If you have a spare drive of the same size or larger, you can try dd, or 
probably better yet, merge dd-rescue and try it.  They copy a file or 
part of one, in this case an entire block device, from one location to 
another, "raw".  What you want to do is copy the entire bad device, /dev/
sdc above, to the new device.  Then you have a copy to play around with 
without worrying about making the bad device worse before you get 
whatever you were trying to get off of it, off.

dd-rescue is different than dd in that if there are bad blocks, it will 
run until it starts hitting them, then it will work backwards from the 
other end until it hits them there, then it'll try blocks in the middle.  
Thus, if you have good blocks, bad blocks, good blocks, bad blocks, good 
blocks, dd-rescue recovers more of the disk in a reasonable amount of 
time, as compared to straight dd, which will try straight thru only.

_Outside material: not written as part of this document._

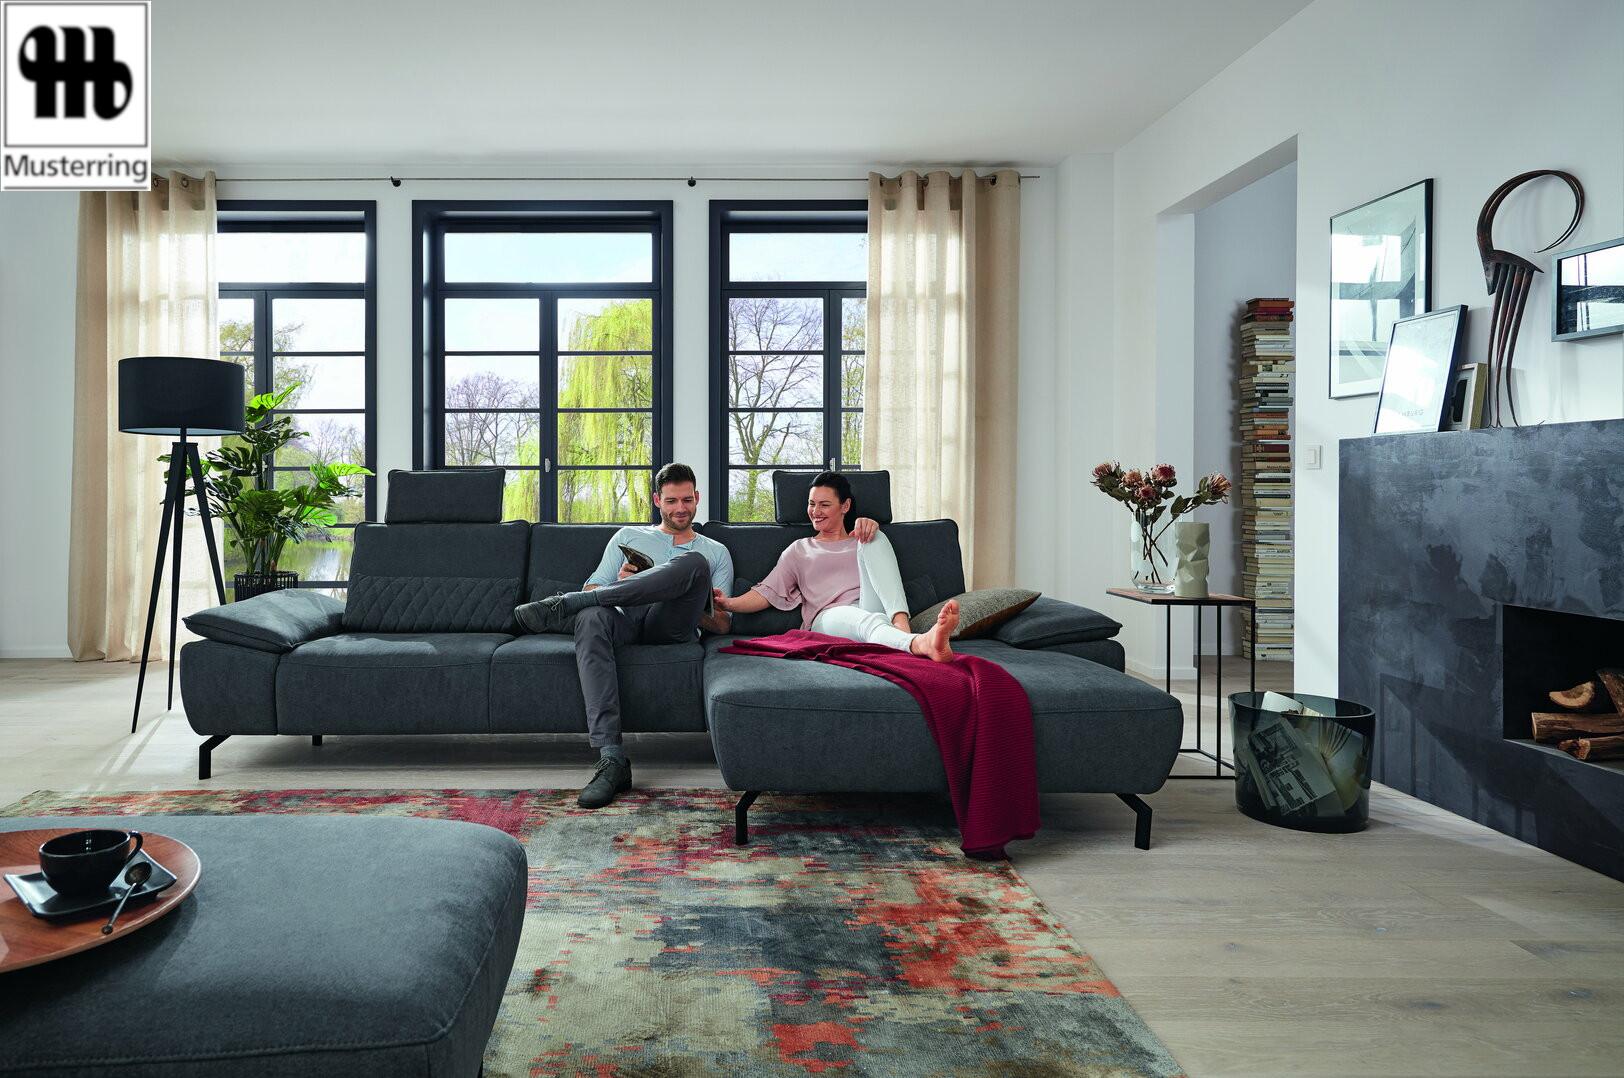 wohnzimmer einrichtung w rzburg tauberbischofsheim. Black Bedroom Furniture Sets. Home Design Ideas
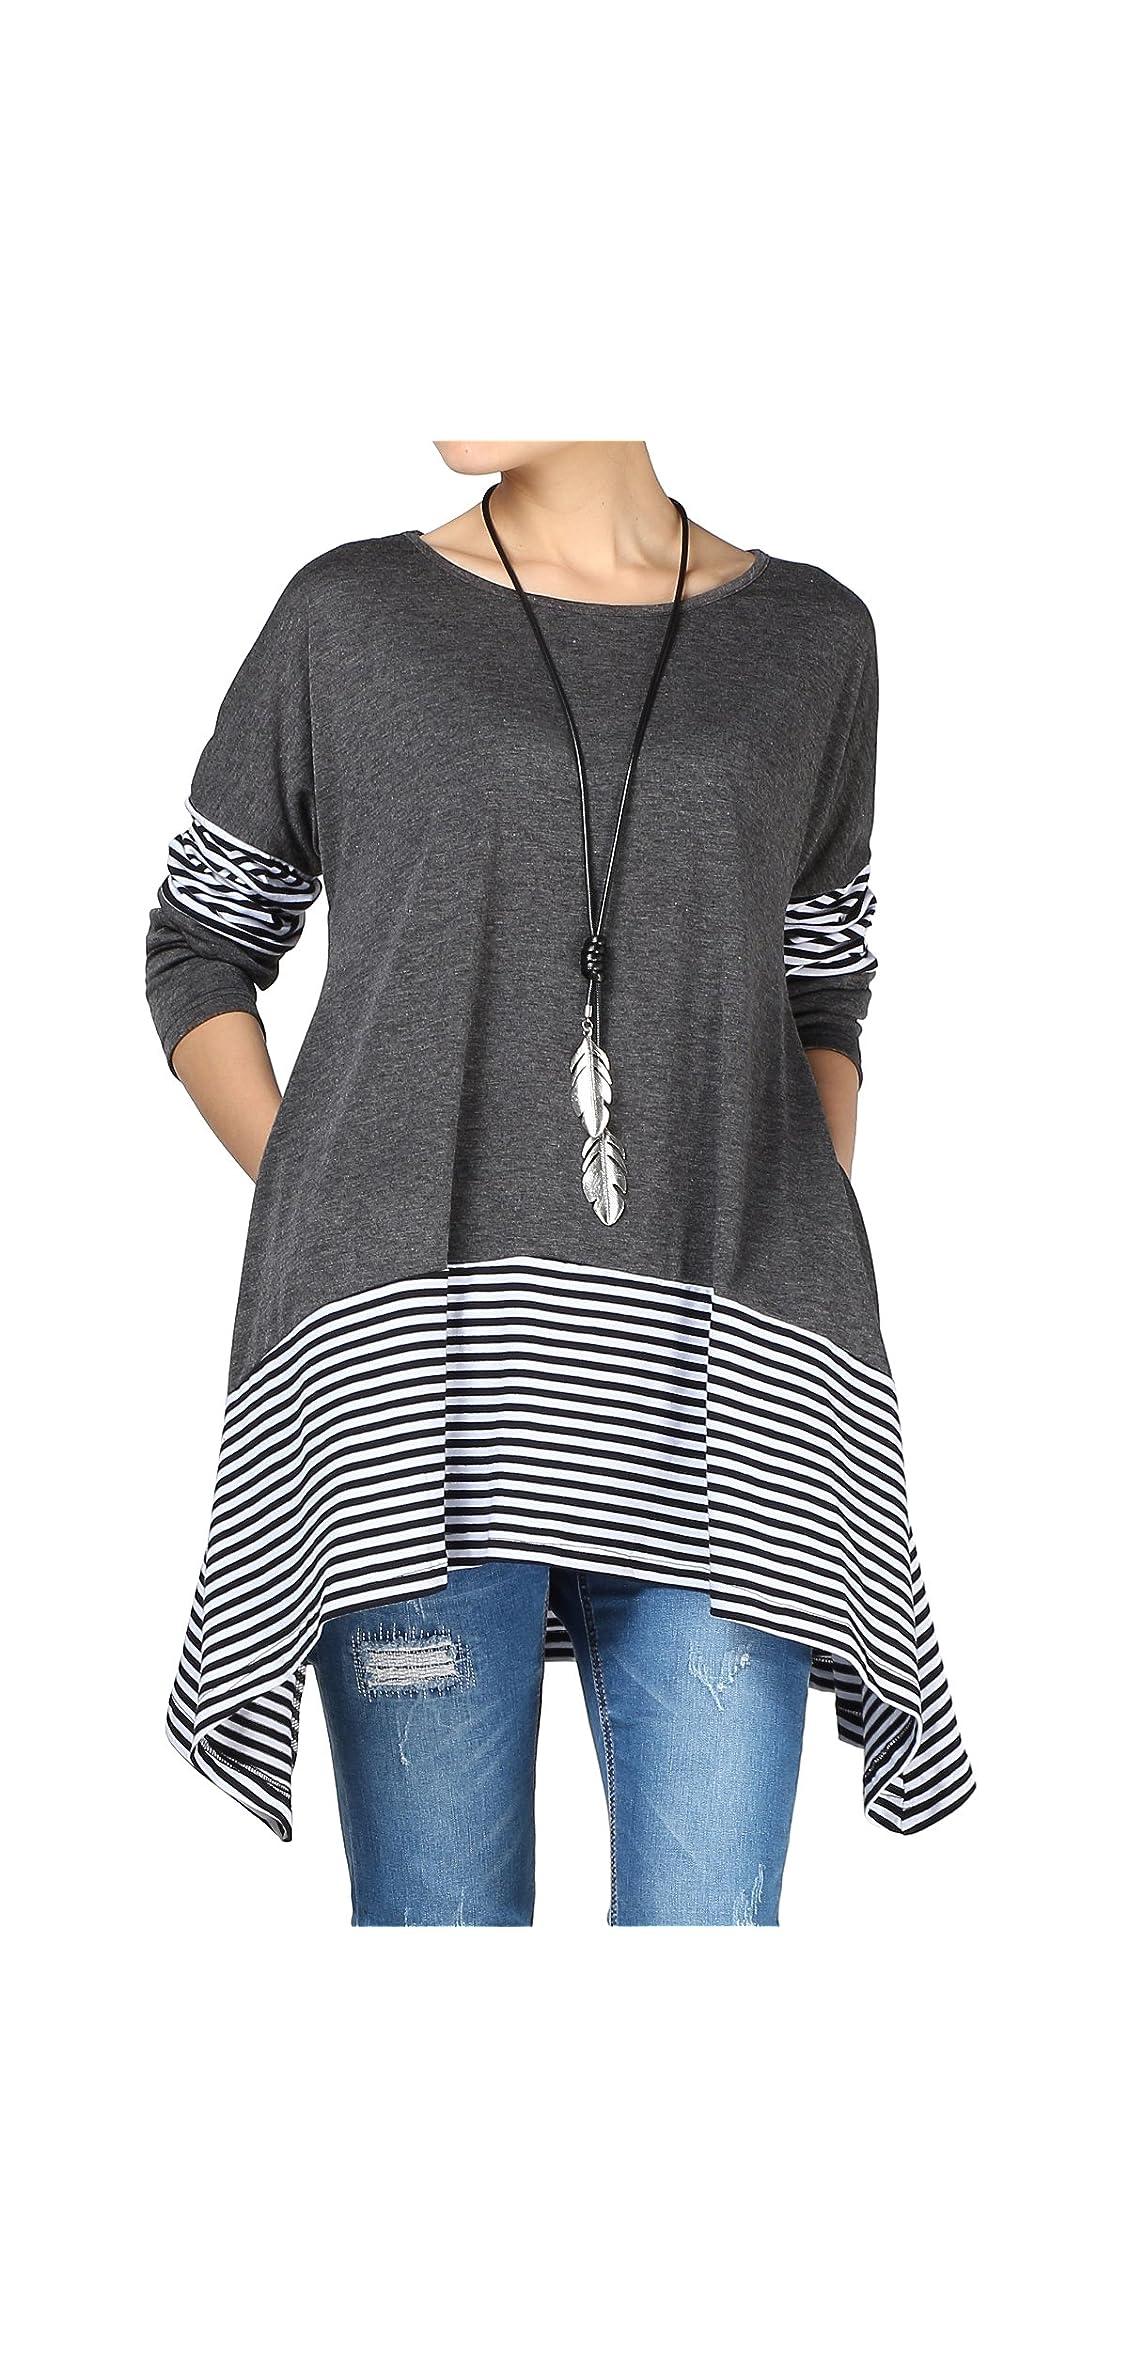 Women's Stripes Asymmetry Tunic Swing Flowy Plain Top

(The problem is that once you start hitting bad blocks, everything slows 
down, because the system tries and retries the bad block multiple times 
before giving up, taking minutes to read a block or finally decide it 
can't, before moving on, where it'd read a good block in seconds.  Thus, 
to work thru even a few hundred bad blocks can take DAYS.  Giving up 
after a few and starting from the other end, then trying in the middle, 
increases the number of blocks recovered, without sitting there waiting 
for days for it to work thru all the bad ones and get to the rest of the 
good ones again, and that's what dd-rescue does for you, automates the 
give up and try from the other end and then in the middle stuff.)

The thing to remember when working with either program is that you want 
to be **VERY** **SURE** you get the right devices specified, particularly 
for the output device.  If you tell it to write to the device that your 
main system is on instead of the new empty device, it WILL overwrite your 
main system device, boot record, partition table, and all.  Thus, make 
TRIPLE SURE you have the right output device specified before you hit 
that enter key.

The reason I'm suggesting dd/dd-rescue is because they'll grab the raw 
data (what they can of it) directly off of the device you point them at (/
dev/sdc above, but as I said, be absolutely sure the devices aren't 
reordered after you attach the new one).  Since you can't mount the 
partition, you need something that can grab the info off of the 
unpartitioned drive itself.  Then, once you get a copy to work with, you 
can check what fdisk says about it and go from there.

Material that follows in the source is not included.